SCALENE also report the copy volume for each line, which is done by sampling, interposes memcpy
and triggers a signal when a threshold number of bytes have been copied. The copying is usually preceded by an allocation of the same size then a deallocation.
Results and evaluation was done on a MacBook Pro. This below table investigates the portability of this SCALENE profiler to other languages.
In comparison this was benchmarked using bm_mdp
simulating battles in games, and compared to multiple other porfilers:
SCALENE full profiling in general has a 26% - 53% overhead.
Another example of use:
From the line_profiler we can clearly see that the issue is due to line 15 but the problem is like with many other profilers that we cannot analyse why easily. Using the SCALENE profile it shows that the majority of this code is in Python interpreter and the the memory usage over time is approximately 81%, which hints at a lot of allocation and deallocation of memory, specifically with num and fact. Hence, the idea would be to keep the numbers of num and fact smaller by maintaining a ratio variable rather than using num and fact separately which drops execution time by 1000 times.

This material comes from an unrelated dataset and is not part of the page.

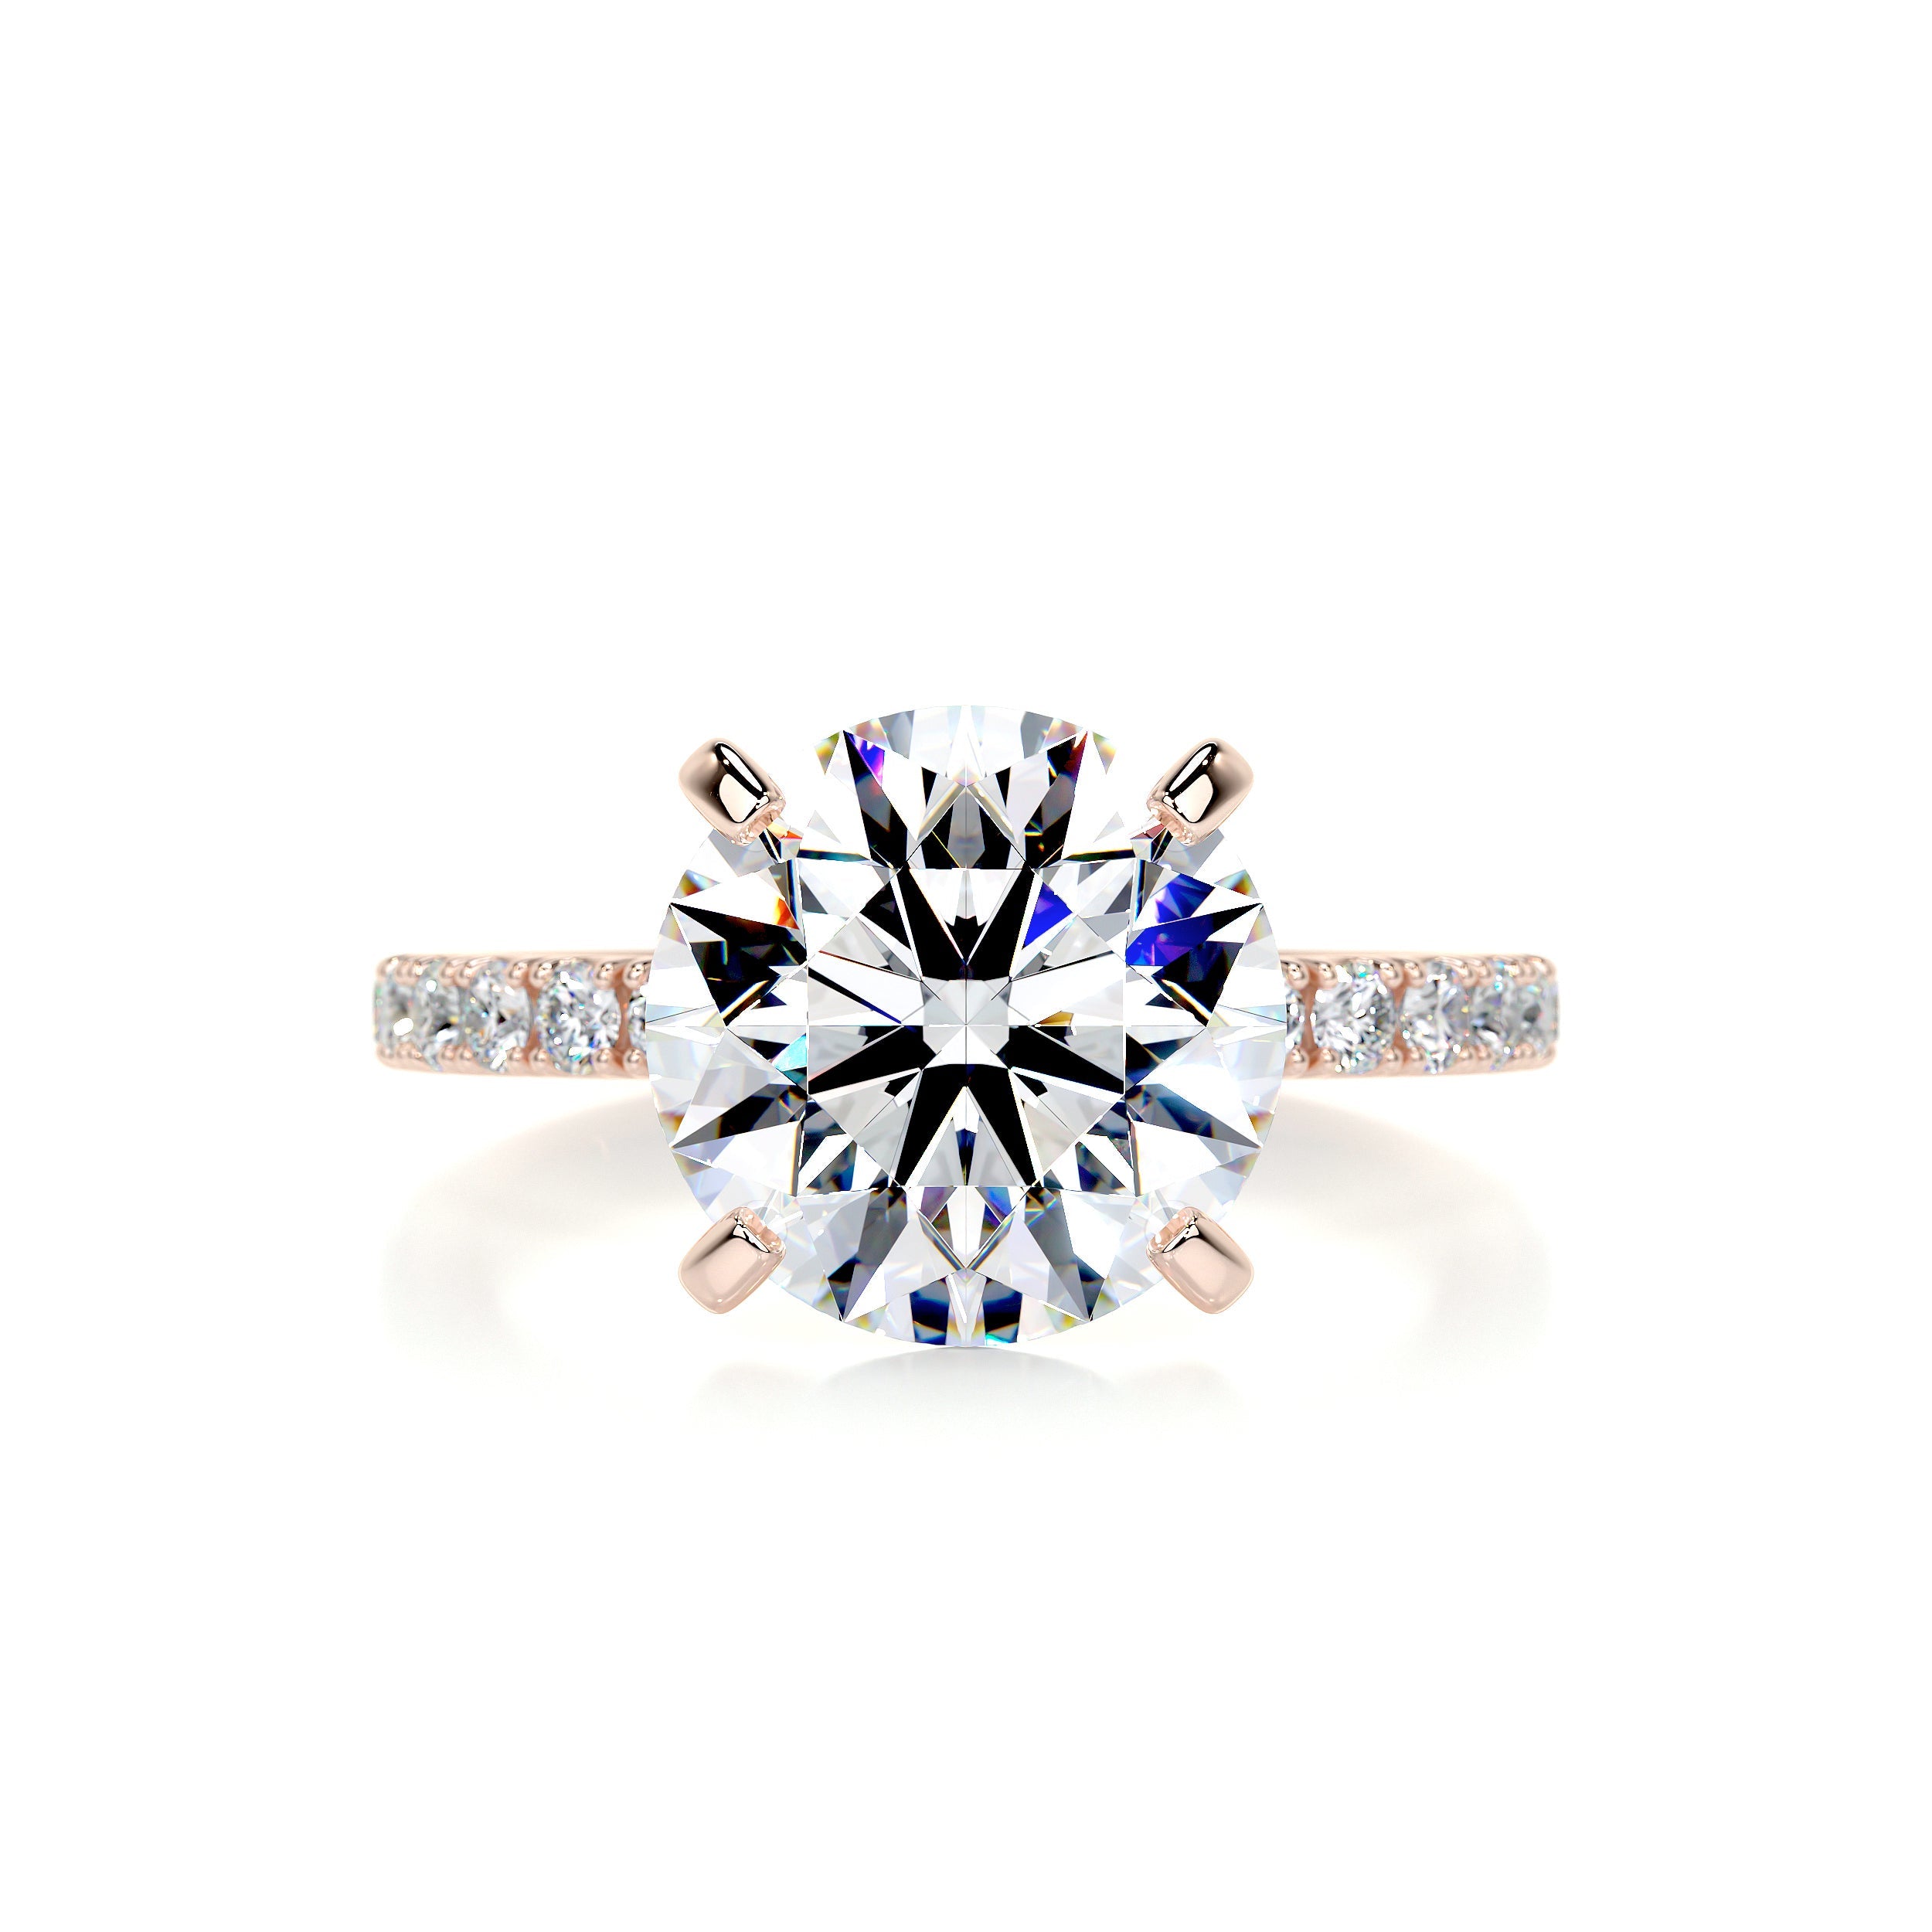 Alison Moissanite & Diamonds Ring   (5.5 Carat) -14K Rose Gold (RTS)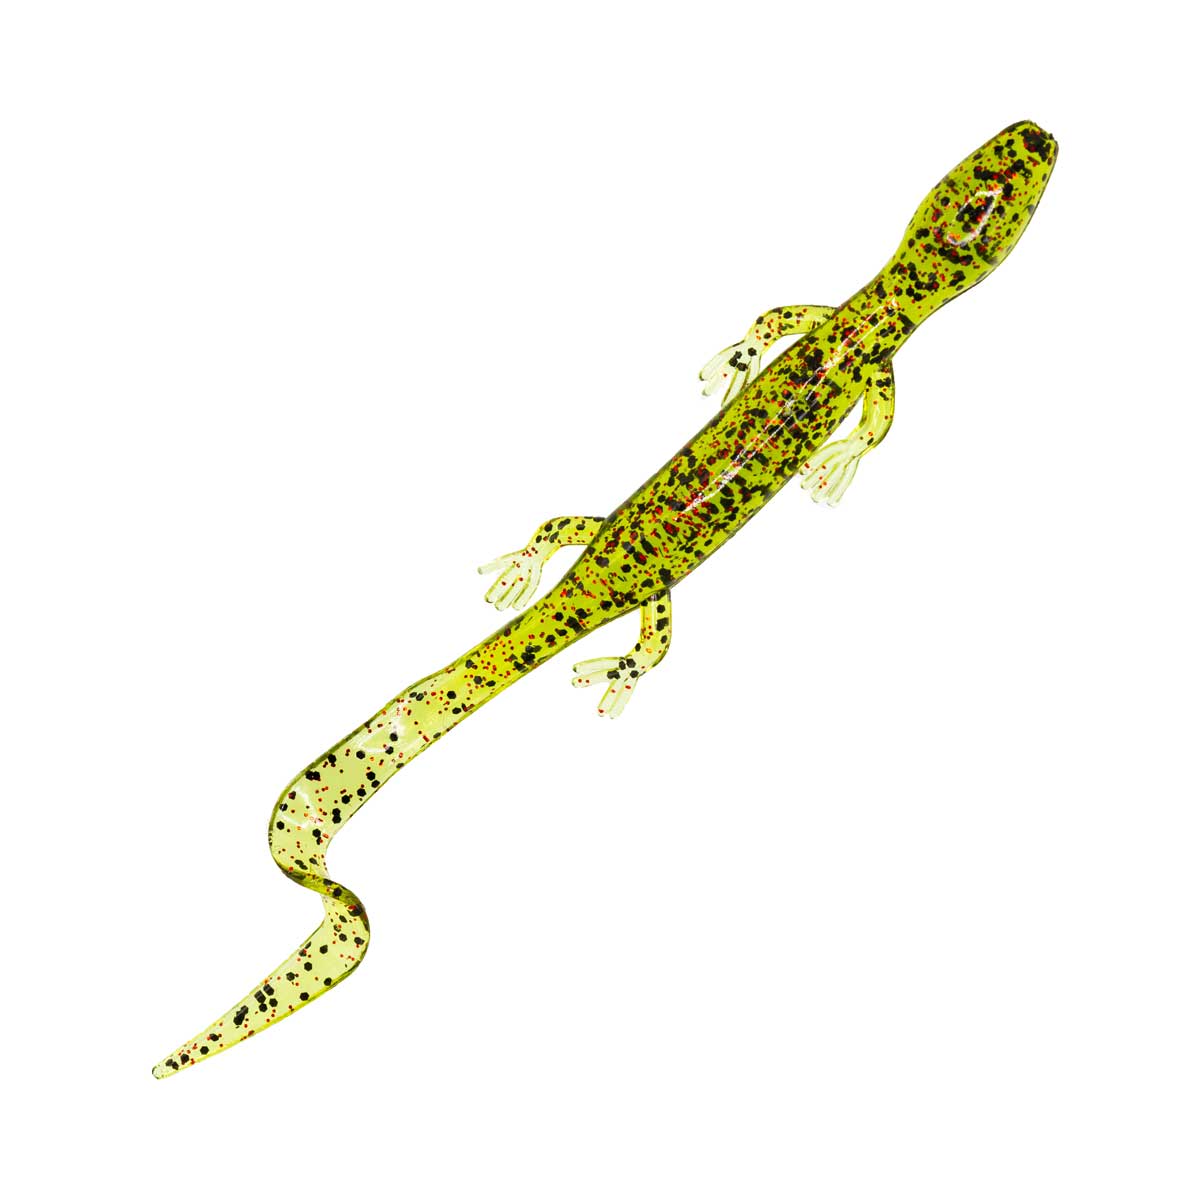 Gecko Lizard Kit – Rite Angler

Perl | TCL | Python | Lua | PHP | R | Ruby |
---|---|---|---|---|---|---|
Uses abstract-syntax tree based interpreter | stack based bytecode interpreter | Stack based bytecode interpreter | Register based interpreter. | Similar to register based interpreter | AST- based interpreter and bytecode interpreter | Originally AST but now bytecode interpreter |
Reference counting garbage collector | Reference counting garbage collector | reference counting garbage collection (can use gc module) | Relies on incremental garbage collection | Reference counting garbage collection | Relies on mark-sweep garbage collector | Incremental GC (in 2.1) |
Interpreter threads | Interpreter threads (as an extension) | Only one thread can execute in the interpreter at a time using the global interpreter lock | Has cooperative (non-preemptive threads). | Not thread safe but can enable ZTS | Single threaded | It serialises the threads through a global interpreter lock. |
Signal delivery is delayed until interpreter enters a safe which is usually between operation codes. | Not supported (available through extensions) | Signals are only delivered to the main thread and delayed until VM regains control. | Signals are delayed until the VM regains control. | Signal are delayed much longer only when the VM reaches a jump or call instruction | No support | Signals are delivered only to the main thread and delayed until interpreter returns. |
Alternatives to SCALENE for Python profiling:
- Only one is a CPU profiler, and most are less efficient,
yappi
does do CPU profiling and has different modes but does not do sampling so is much more inefficient. - They either have function or line granularity.
Argues portability but suffers from memory allocation redirection, and bytecode disassembly for other languages.
To distinguish if it is PYTHON allocation: it searches for references which begin with Py_
or _Py
which is domain specific to Python allocated objects (another limiting factor of portability)
There seems to be an application of this to other languages or more so to develop a general purpose profiler that operates across multiple different scripting languages providing features offered in SCALENE with the possibility of automatic optimisations. There is no scripting language aware profiler for the other languages and are missing features that SCALENE incorporates.
- Ruby: profilers
stackprof
does not integrate with CPU sampling, nor any scripting language aware profiling - copy volume, tracking memory usage over time, and can't simultaneously perform CPU profiling and memory tracking. - R: has a promising profiler that has feature specific profiling which attributes costs to specific language features. Would need something like a copy volume implementation to detect unnecessary allocation and deallocations.